Brezilya'nın önde gelen düşünce kuruluşlarından Fundaçao Getulio Vargas'ta öğretim görevlisi Guilherme Casaroes ise tarihi perspektife bağlı kalarak iki ülkenin demokrasi sürecini anlattı. Kuruluş aşamasından günümüze kadar var olan benzerlikleri somut örneklerle aktaran Brezilyalı akademisyen şöyle konuştu:
"2011 yılında İsrail-Filistin meselesini incelemek için bölgeye gittim ve bu vesileyle Türkiye'yi yakından tanıma imkanı buldum. Şaşırtıcı şekilde iki ülke arasında bazı benzerlikler olduğunu keşfettim. Bu duruma kuruluş hikayeleri, sanayileşme hamleleri, askeri darbeler, liberal ekonomiye geçiş süreçleri ve ülkenin kaderine yön veren lider profilleri örnek gösterilebilir. İki ülke Ortadoğu konusunda da benzer yaklaşımlara sahipti.

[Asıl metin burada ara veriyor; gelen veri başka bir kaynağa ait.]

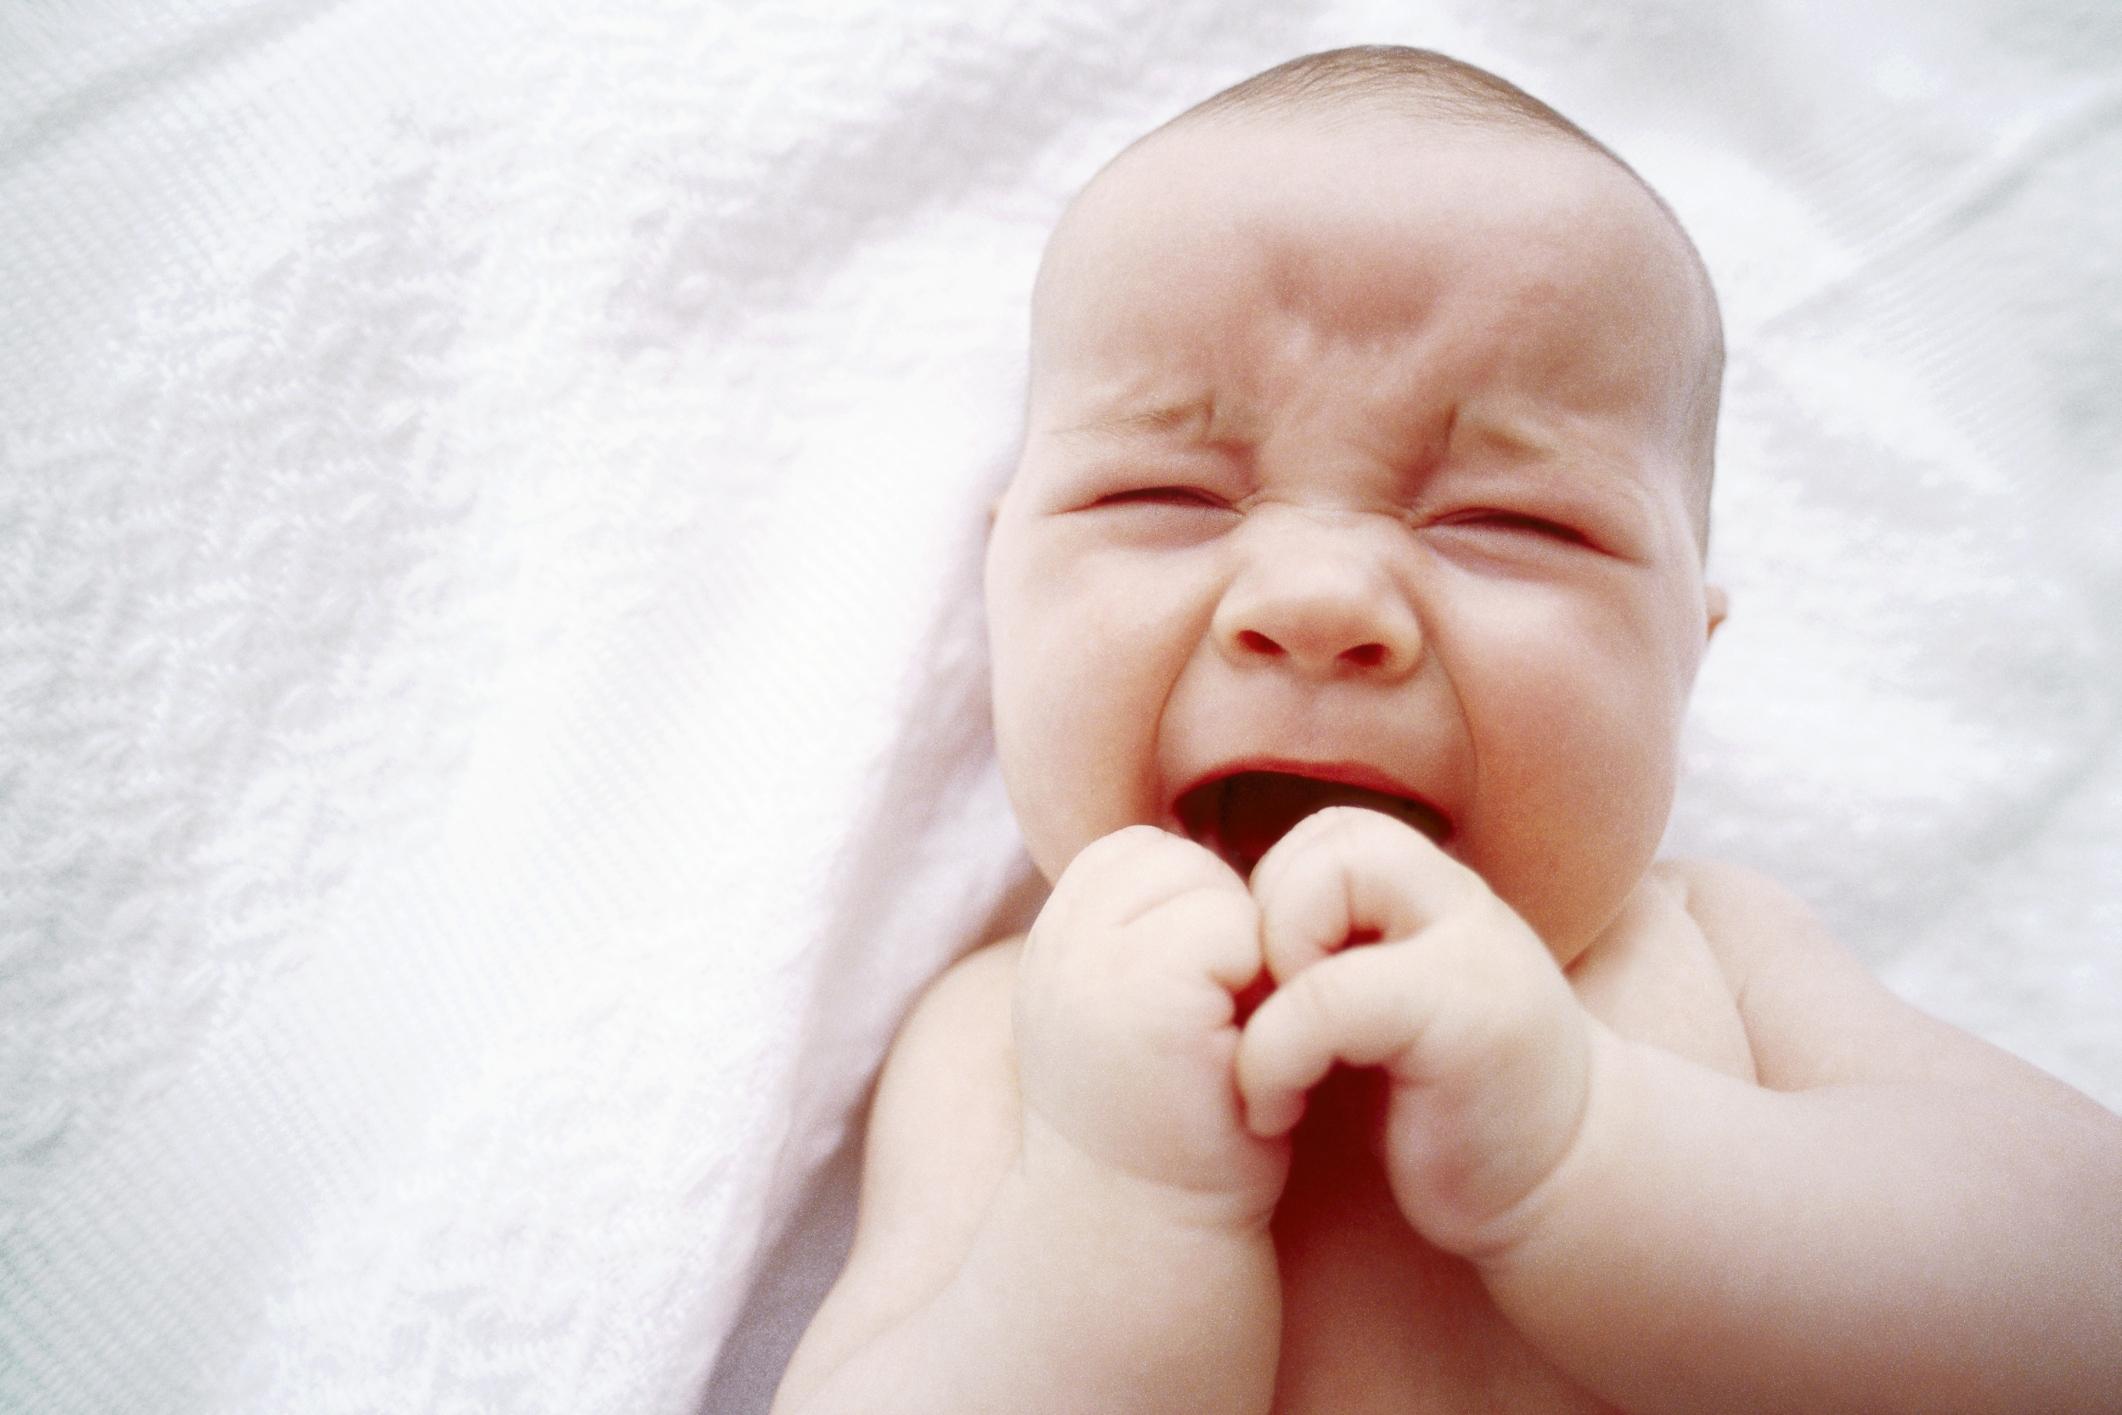 Blotchy Skin Rash on a Baby's Face

Ancak bugün özellikle Arap Baharı sonrası Türkiye ve Brezilya'nın bakış açılarının farklı yönlere kaydığını görüyoruz."
Türkiye'nin sıfır sorun politikasını başlangıçta başarıyla yürüttüğünü ancak liderlik hevesiyle kalıcı hale getiremediğini hatırlatan Casaroes, Brezilya'nın Mercosul oluşumuna destek vererek kendi bölgesindeki entegrasyonu kalıcı hale getirdiğini; bunun da Türkiye için örnek alınması gereken bir adım olabileceğini söyledi.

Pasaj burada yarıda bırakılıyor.